### Task to carry out:
Starting with the line that has "Cardi B S White" and finishing with the line that has "Сумка-переноска для животных", set down each line below exactly. Pictures are not copied.
Data for review section start
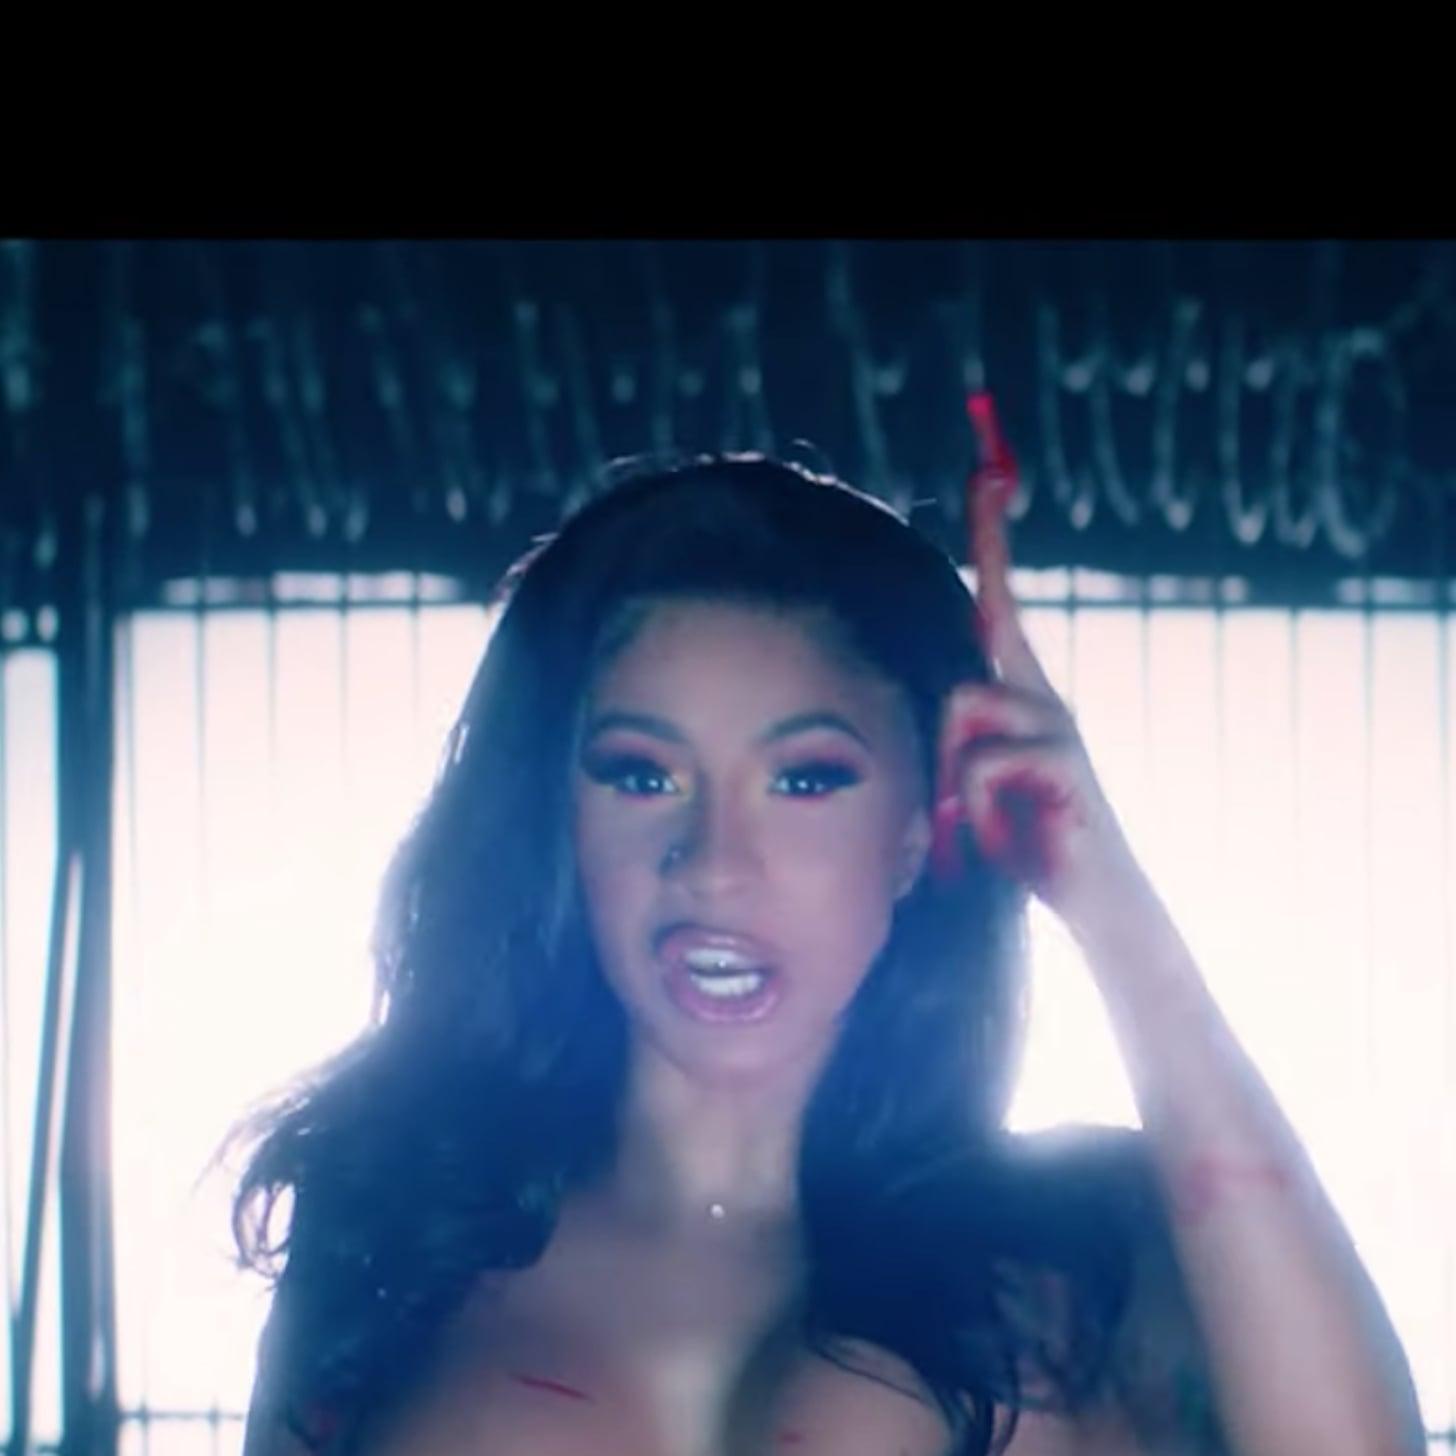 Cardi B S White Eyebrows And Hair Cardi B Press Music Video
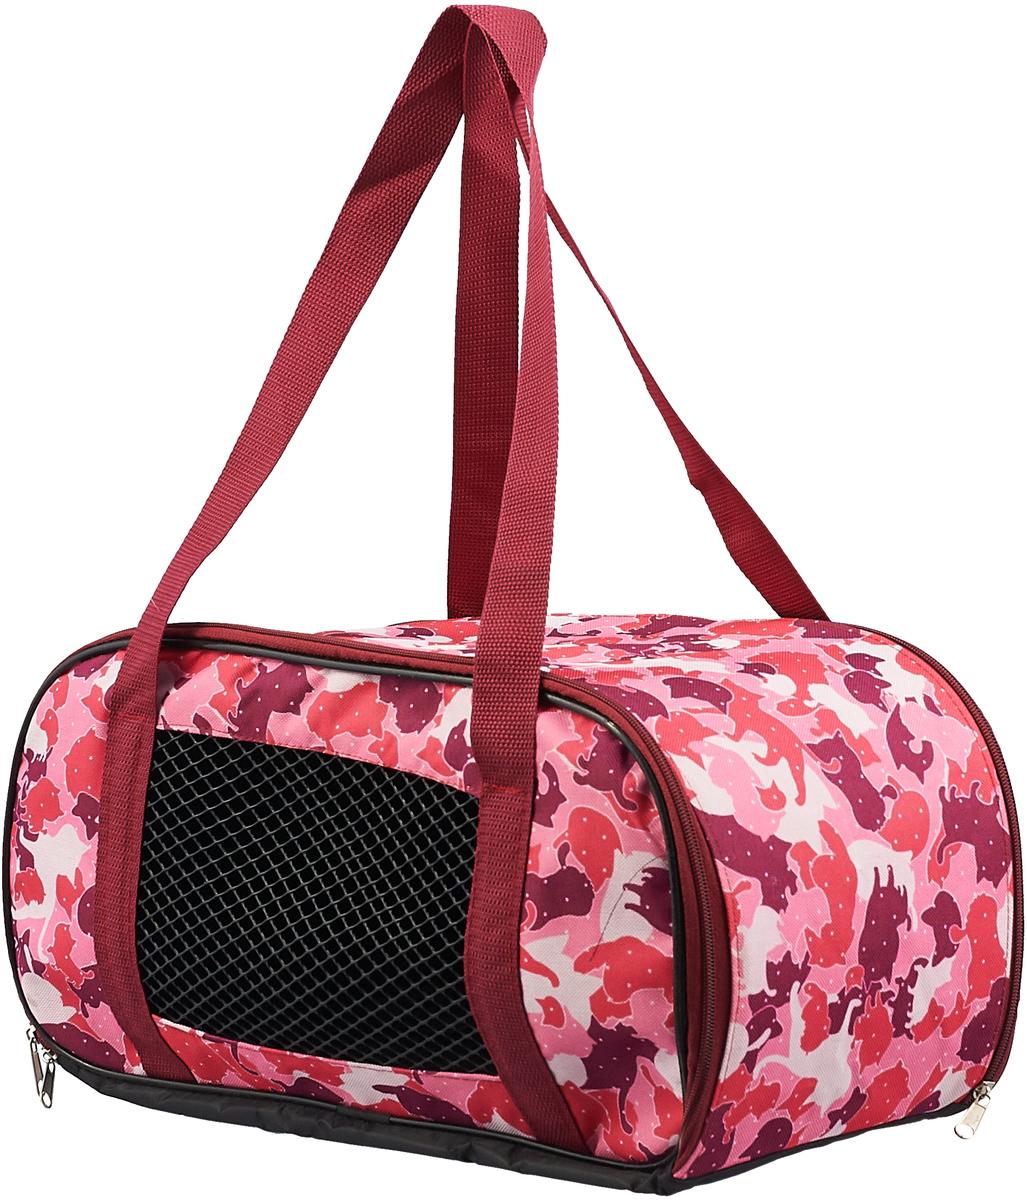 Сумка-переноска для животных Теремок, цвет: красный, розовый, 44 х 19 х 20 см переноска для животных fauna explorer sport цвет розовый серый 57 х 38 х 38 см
Data for review section end
Data for review section start
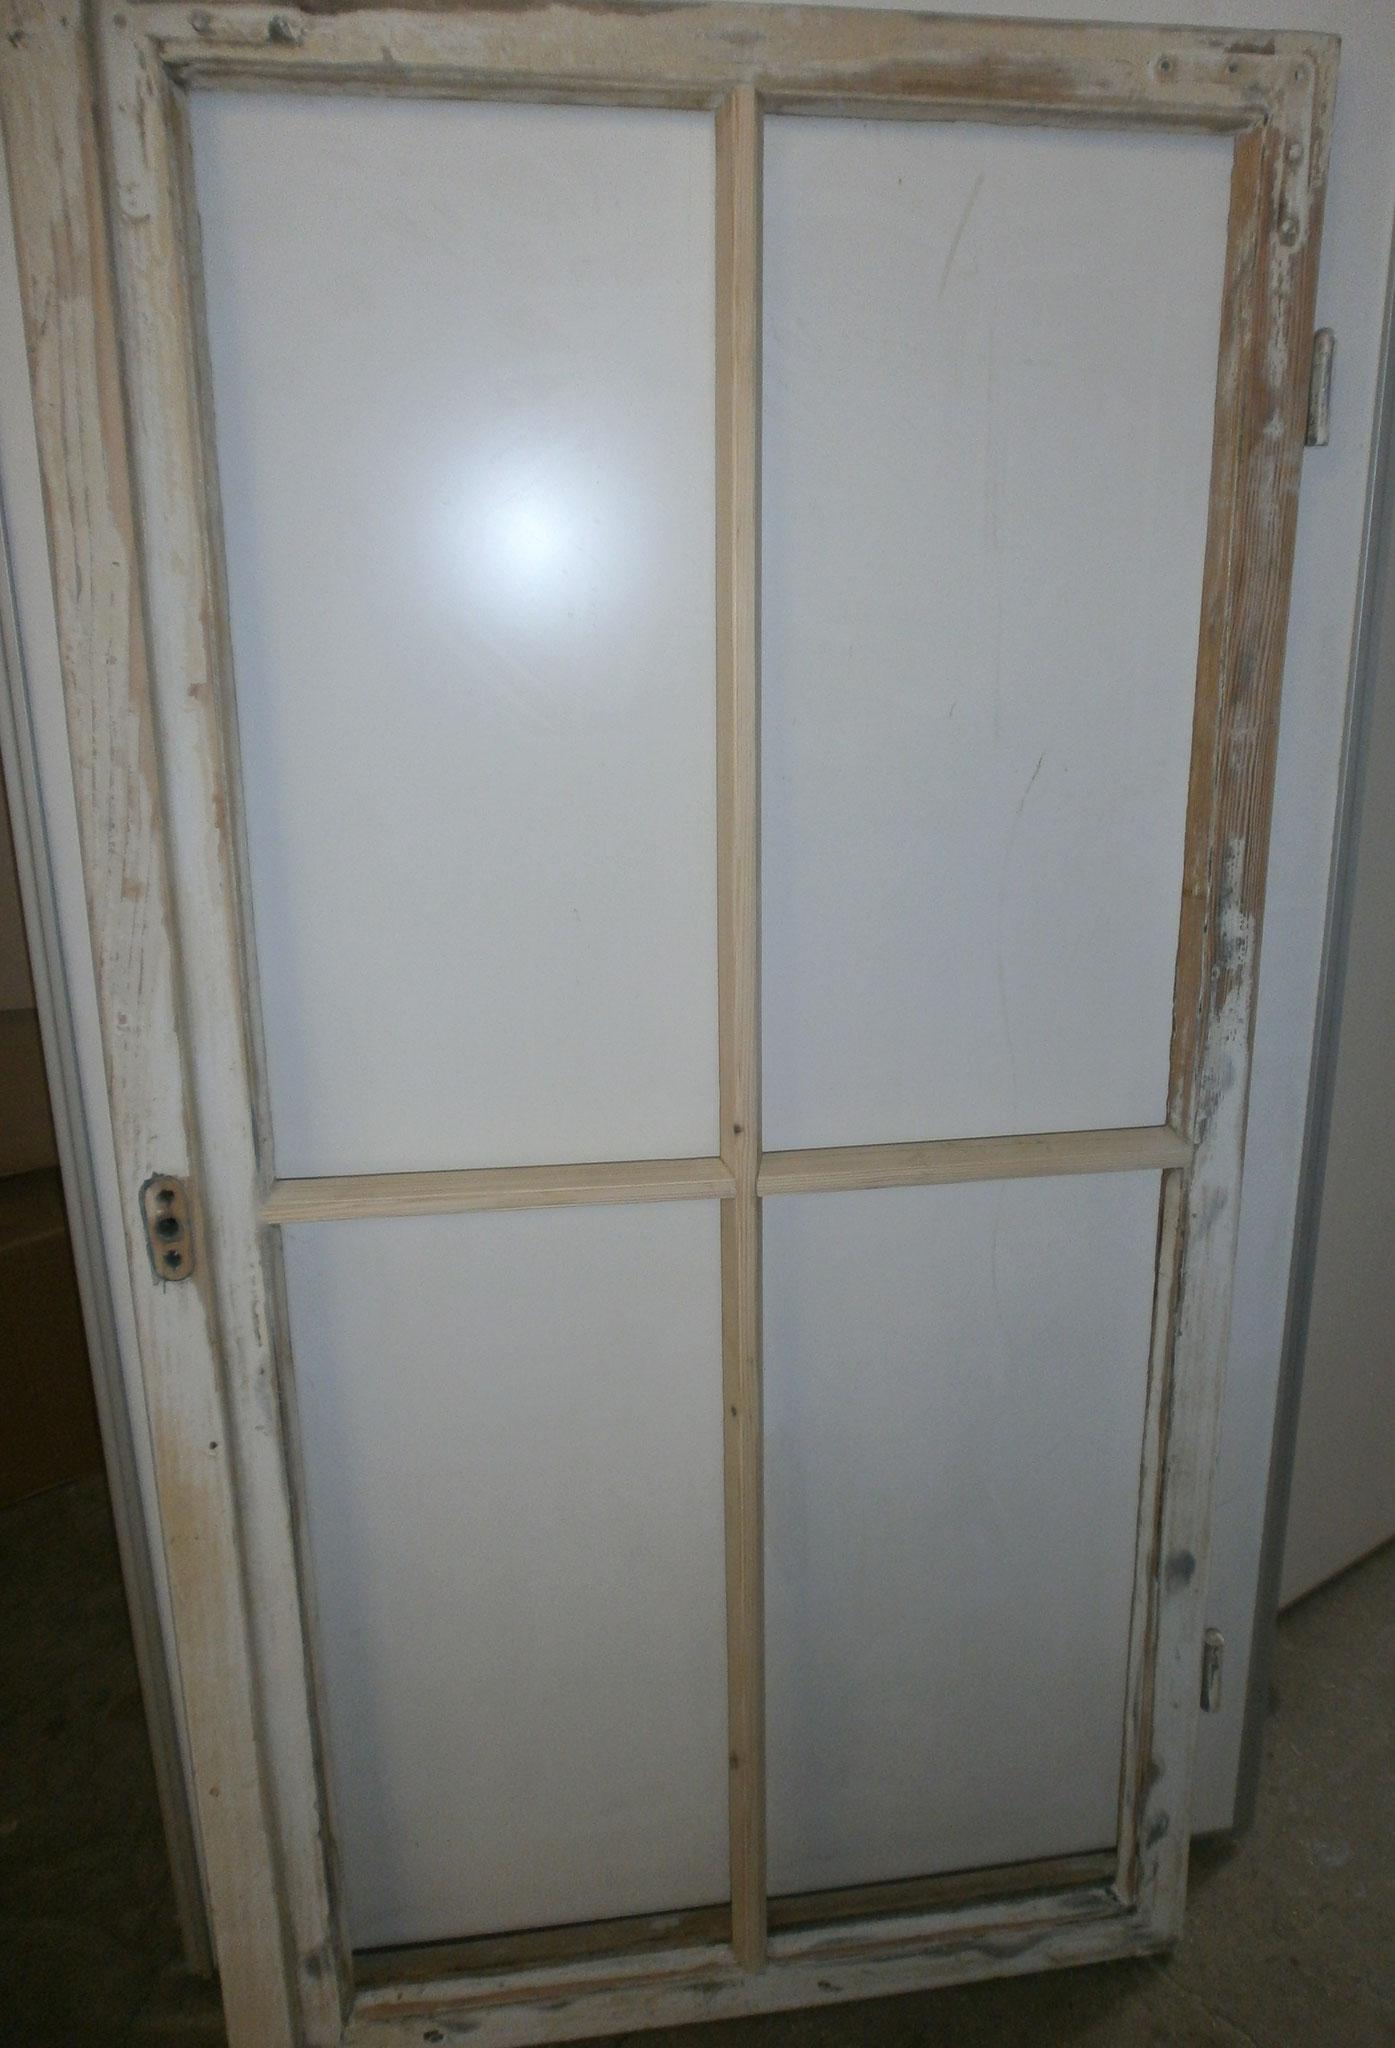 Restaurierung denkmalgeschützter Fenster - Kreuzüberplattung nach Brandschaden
Data for review section end
Data for review section start
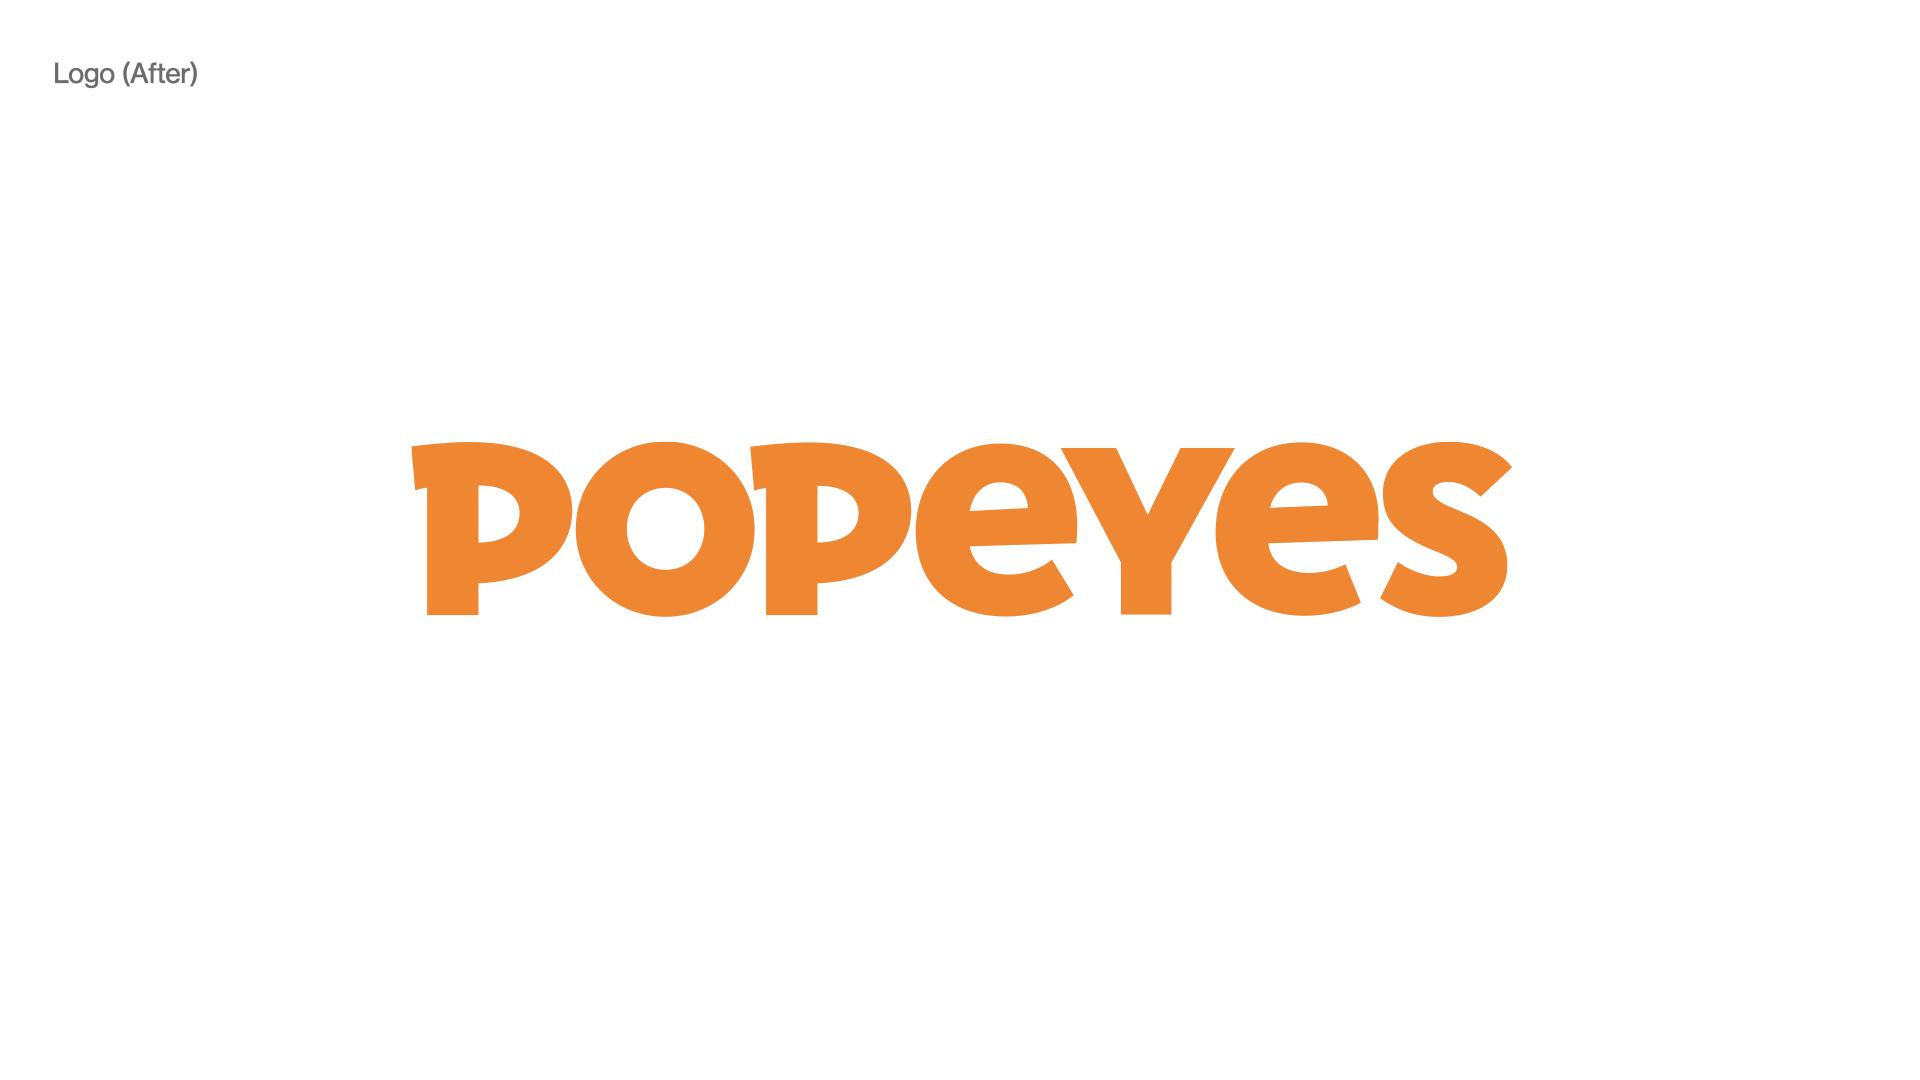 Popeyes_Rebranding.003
Data for review section end
### Task solution:
 Cardi B S White Eyebrows And Hair Cardi B Press Music Video
 Сумка-переноска для животных Теремок, цвет: красный, розовый, 44 х 19 х 20 см переноска для животных fauna explorer sport цвет розовый серый 57 х 38 х 38 см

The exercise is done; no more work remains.